Kami makan besar dan semuanya terasa enak, mungkin karena bahan makanannya yang segar dan langsung dipetik dari kebun. Mereka pun tak henti-hentinya menawarkan kami minuman dan makanan karena prinsip mereka jika tamunya tidak bertambah berat badan setelah pulang dari rumah mereka, itu artinya mereka tidak menjamu tamunya dengan baik dan kita minum untuk itu karena mereka berhasil membuat kami kekenyangan. 

Di negara pizza dan pasta itu hampir tiap hari adalah mencoba makanan seperti di film ’Eat, Pray and Love’ yang bagian ’Eat’ berlokasi di Italia. Di lain hari ketika kami terpisah dari rombongan dan menemukan toko gelatto ternama dan tertua di Roma, seperti anak kecil yang tersesat di toko mainan, sulit menentukan pilihan rasa tetapi pelayannya dengan baik hati menyendokkan setiap rasa yang ada untuk dicicipi walau akhirnya aku hanya menjatuhkan pilihan ke rasa coklat dan pistachio sedangkan Adrian vanilla dan basil, rasa daun basil itu hanya ada di Italia aku mencoba sedikit dari Adrian dan ia tertawa melihat ekspresiku ketika mencobanya. 
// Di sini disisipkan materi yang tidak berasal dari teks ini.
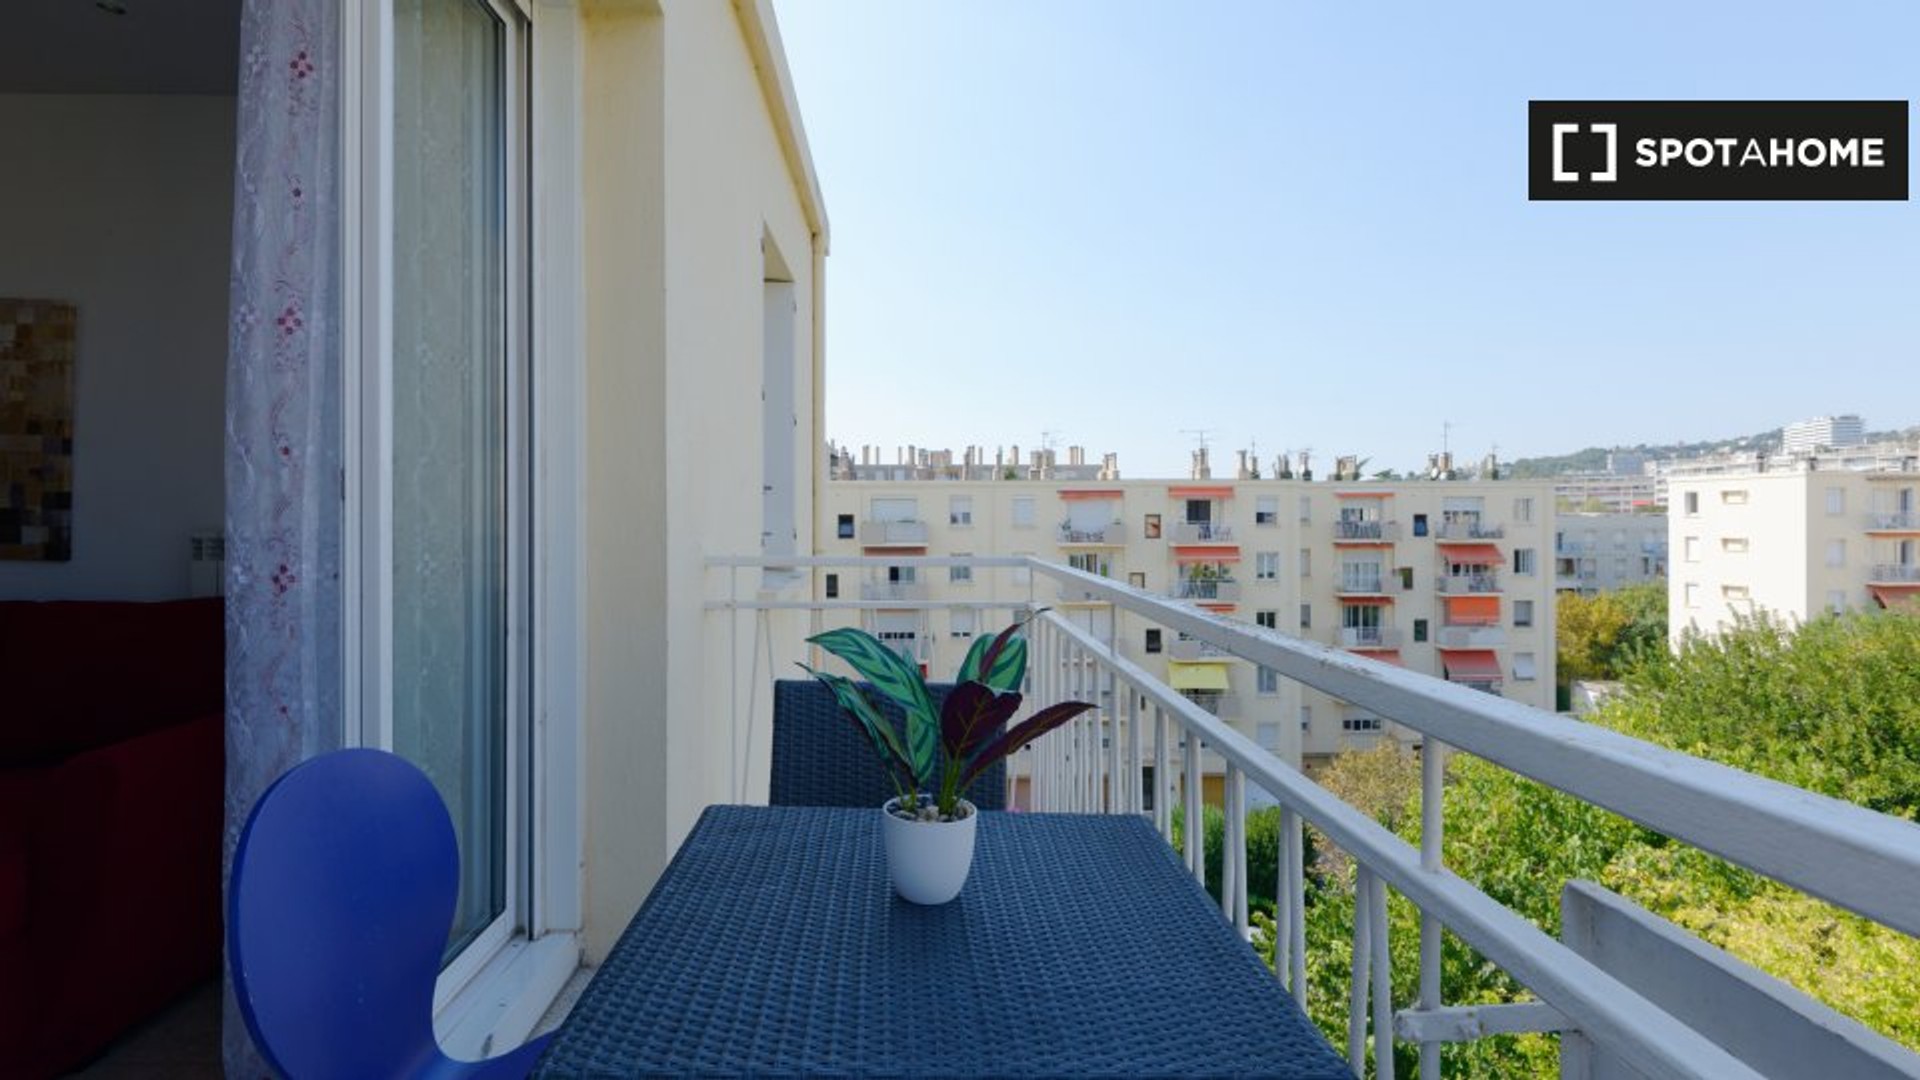 Moderne und helle Wohnung in Marseille
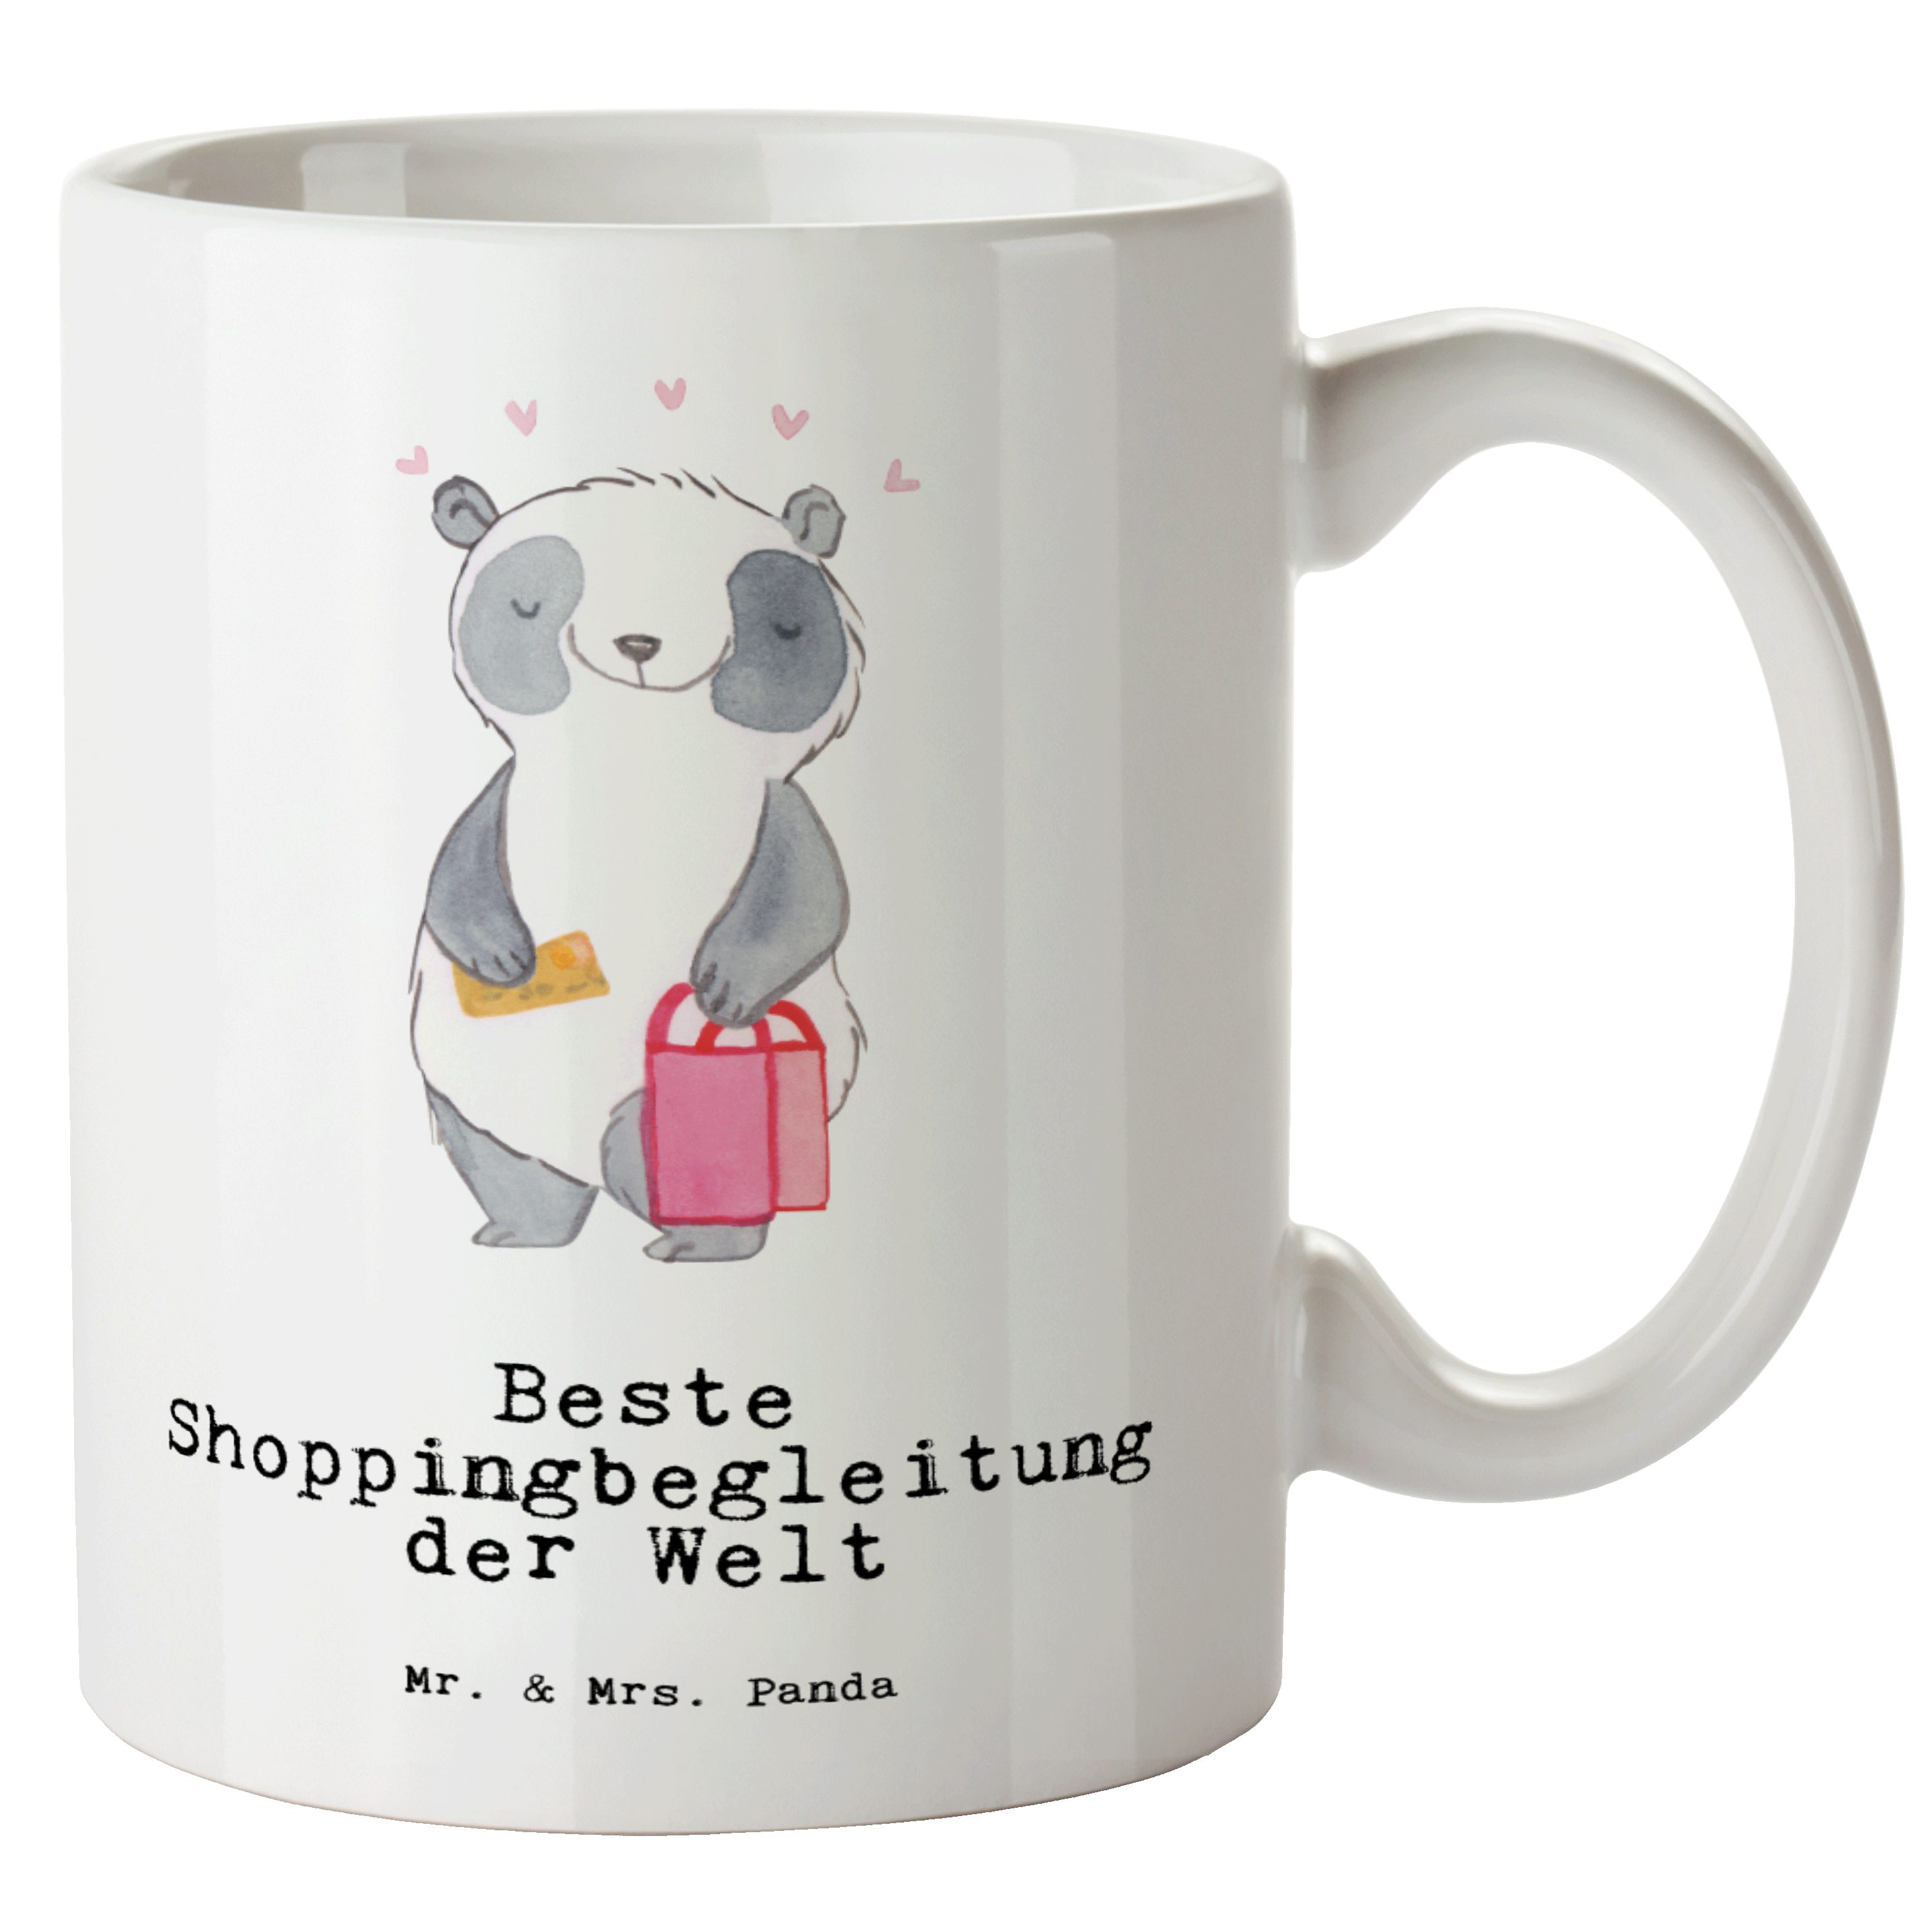 Mr. & Mrs. Panda Tasse Panda Beste Shoppingbegleitung der Welt - Weiß - Geschenk, spülmaschi, XL Tasse Keramik

Kami bersenang-senang hingga malam terakhir disana, terpisah dari rombongan yang sudah kembali ke hotel beberapa jam yang lalu, dengan segelas wine di tangan, kami berdiri di balkoni restauran tempat kami makan malam, memandangi keindahan Roma di malam hari dan entah karena suasana dan musik yang mendukung atau memang momennya benar-benar pas atau akibat perasaanku yang bahagia bisa melupakan Bino, sehingga membiarkan ia menciumku dan aku pun membalasnya. 

”Maaf, jika yang kulakukan tak berkenan.” Itu yang keluar dari mulut Adrian setelah menciumku, dibandingkan dengan Bino yang tak pernah meminta maaf dan begitu agresif jika menciumku. Lagi, aku membandingkannya, lelaki ini lain dan tak sebanding dengan Bino pikirku. 

”Tidak, aku senang bersamamu terlebih kita sama-sama pecinta kopi.” Senyumku menenangkan keresahan Adrian setelah mendaratkan ciuman di bibirku.